As CEO Dough Rises, Workers Fall as Flat as a Pancake
Pulling out may seem like a good idea in theory, but it sure as hell ain’t foolproof. In fact, sometimes it can be devastating.
Take Indianapolis-based heating, air conditioning and refrigeration manufacturer Carrier. In February, the corporation announced to its 1,400 employees that their jobs were being sent to Mexico.
“This is strictly a business decision,” a Carrier executive told the bereaved and angry crowd of workers.
Newsflash, Carrier: This is NOT strictly business.
By pulling out of Indianapolis, the corporation guts the city’s school system of essential tax dollars, strips thousands of families of their incomes, and decimates the whole region. Carrier isn’t just shuttering a factory. It’s shuttering an entire community. And because it’s a corporation, it’s laughing all the way to the bank.

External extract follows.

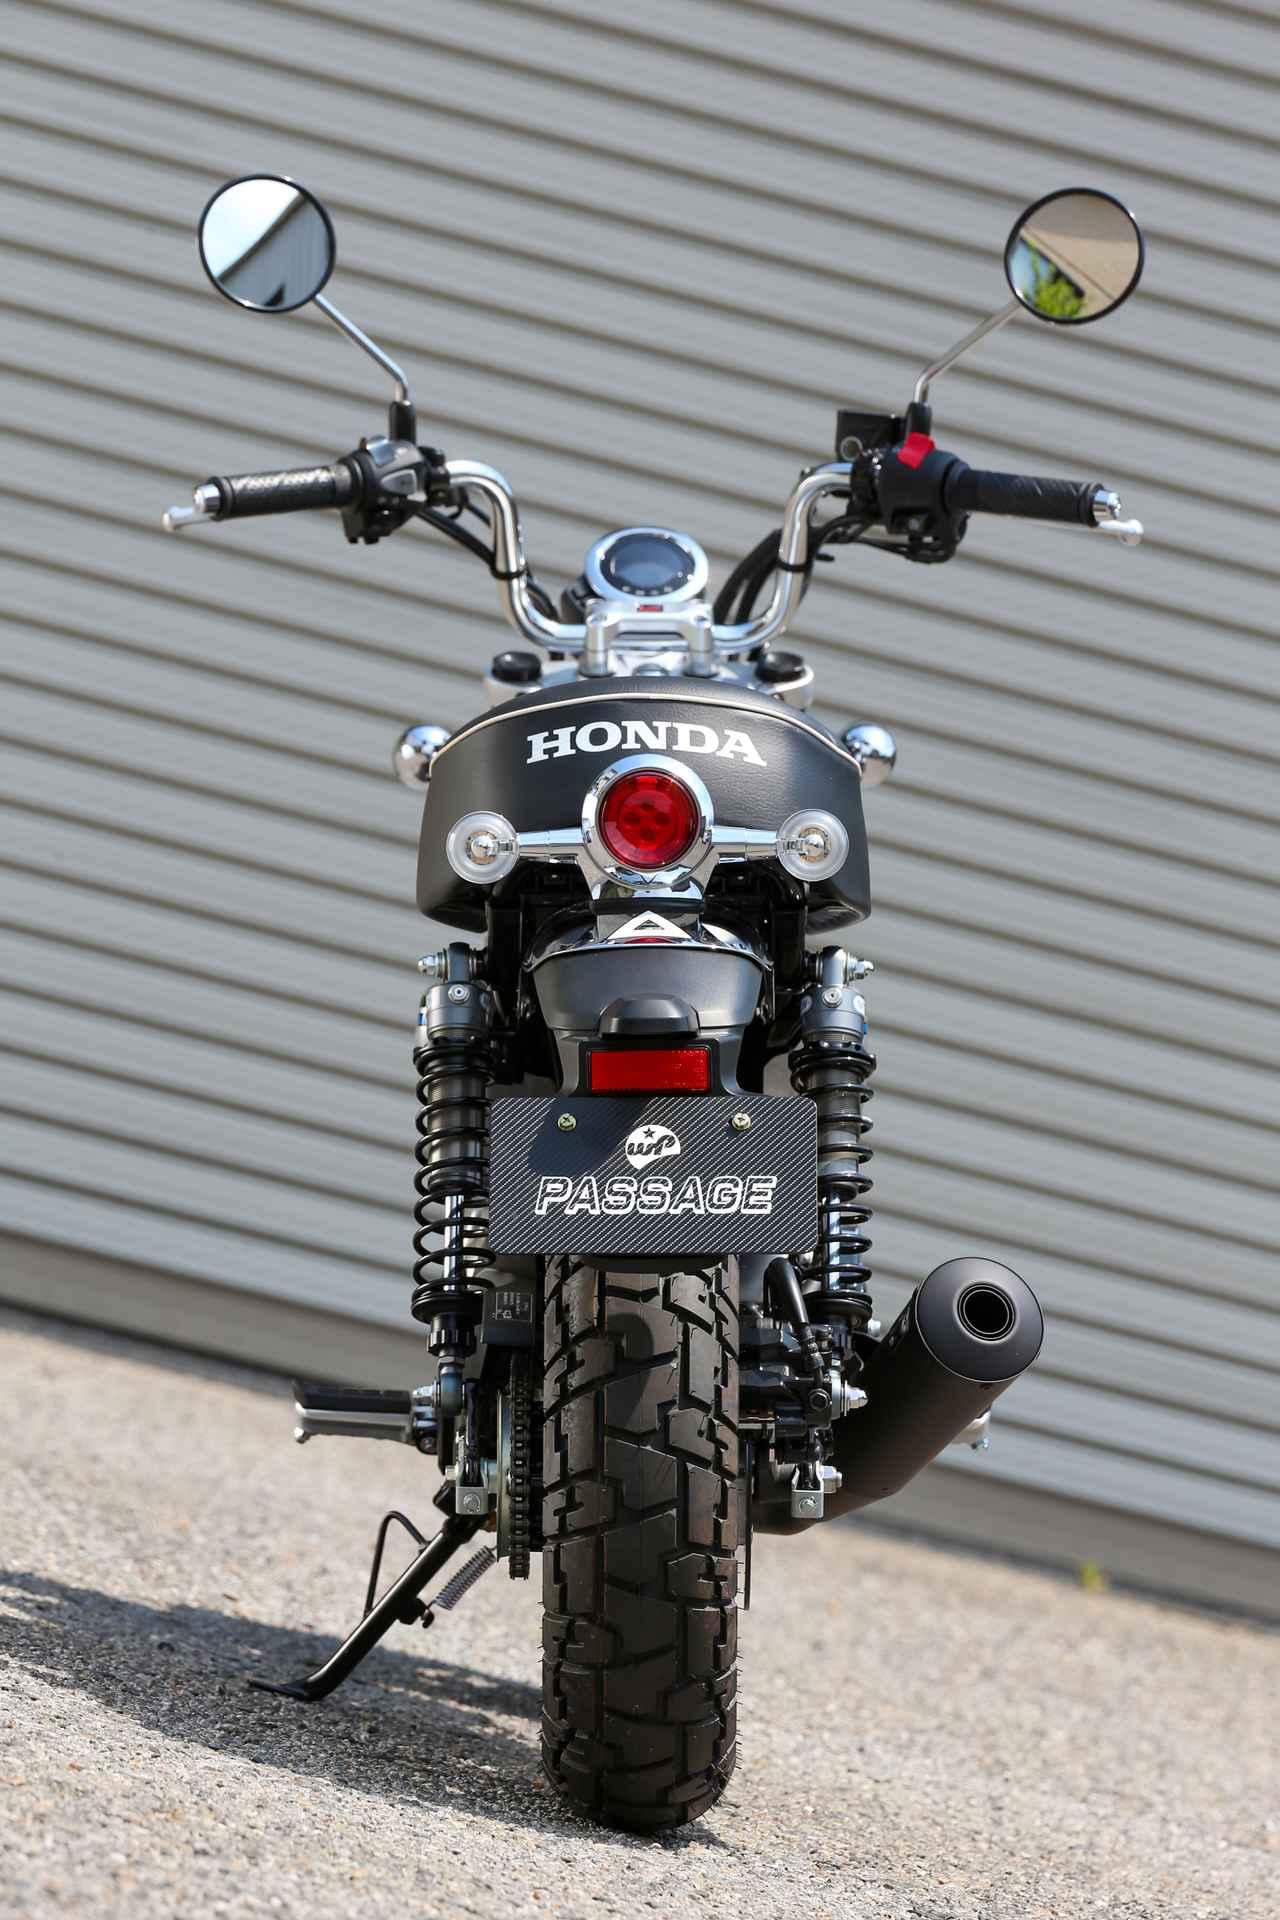 Images : 10番目の画像 - 気になるモンキーFSの写真をもっと見る! - LAWRENCE - Motorcycle x Cars + α = Your Life.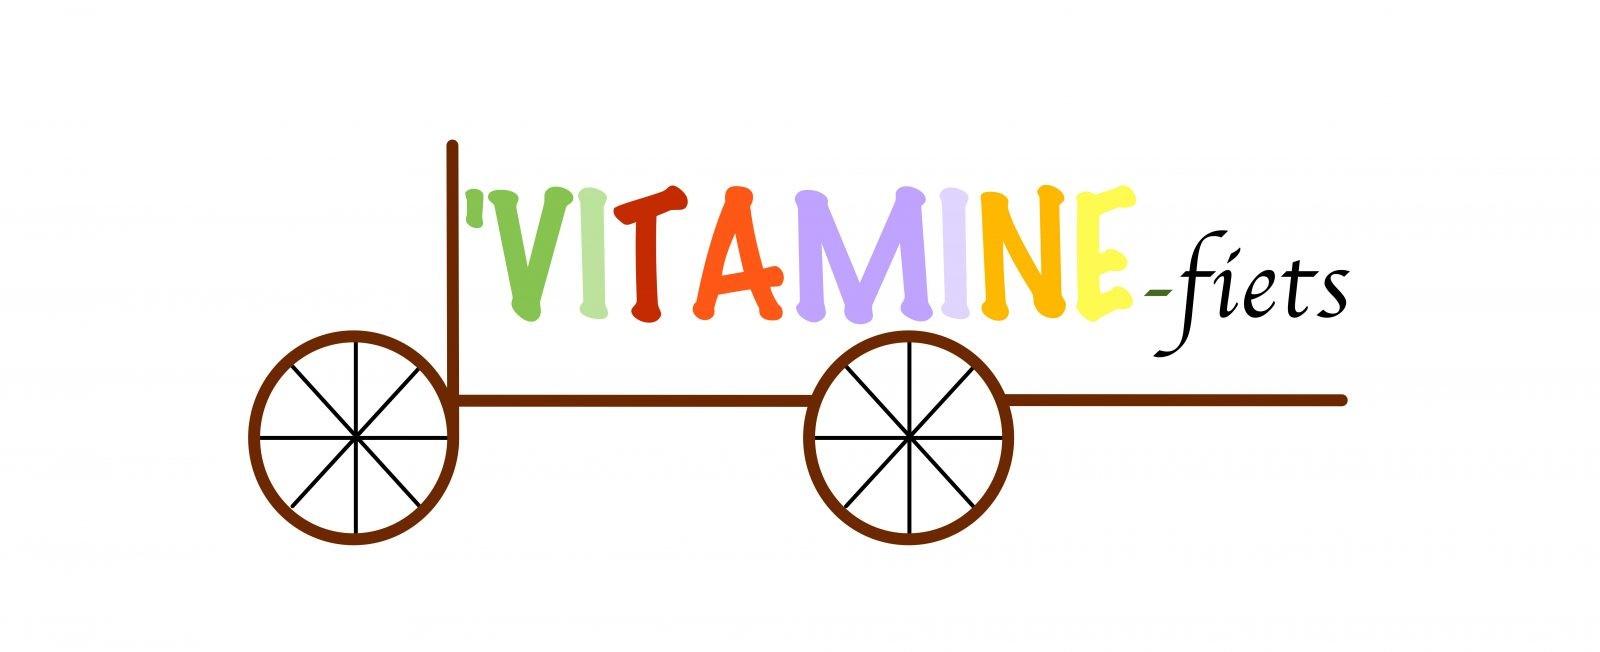 vitamine fiets - Winkels

But, of course, the United States treats corporations like Carrier as royalty for behavior like this through tax breaks. CEOs also get monstrous bonus packages -- at an average of $15 million per year – for throwing Americans out of work when they can be replaced by workers paid a pittance in countries that allow environmental degradation.
Carrier gets the advantage of paying workers in Mexico the same amount per day that their workers here in America make per hour. The CEOs and shareholders reap all of the benefits. American workers and communities suffer all of the pitfalls.
A recent study by the Economic Policy Institute found that the United States lost roughly 2.4 million manufacturing jobs to another such low-wage country -- China -- from 2001 to 2013. That doesn’t even include the past three years, and it doesn’t include jobs lost to nations such as Mexico and India.
What these corporations fail to care about are the long-term, unintended consequences of their actions. They do what feels good to them in the moment without any concern for the intense damage they will cause in the future.
Jobs lost means diminished, if not extinguished, American manufacturing capacity. This places the United States in dangerous territory in terms of economic and national security. Offshoring factories and jobs also means reliance on foreign countries for essential manufactured commodities and an inability to compete in the global market. If this rampant corporate withdrawal from America continues, regaining strength as a nation, if it’s even possible, would take decades.
The temporary satisfaction corporations and their CEOs receive by practicing unsafe and selfish business ethics puts the entire country at risk.
The last thing corporations like Carrier should be doing is screwing the very workers whose labor made them profitable by pulling out for ill-conceived, short-term benefit.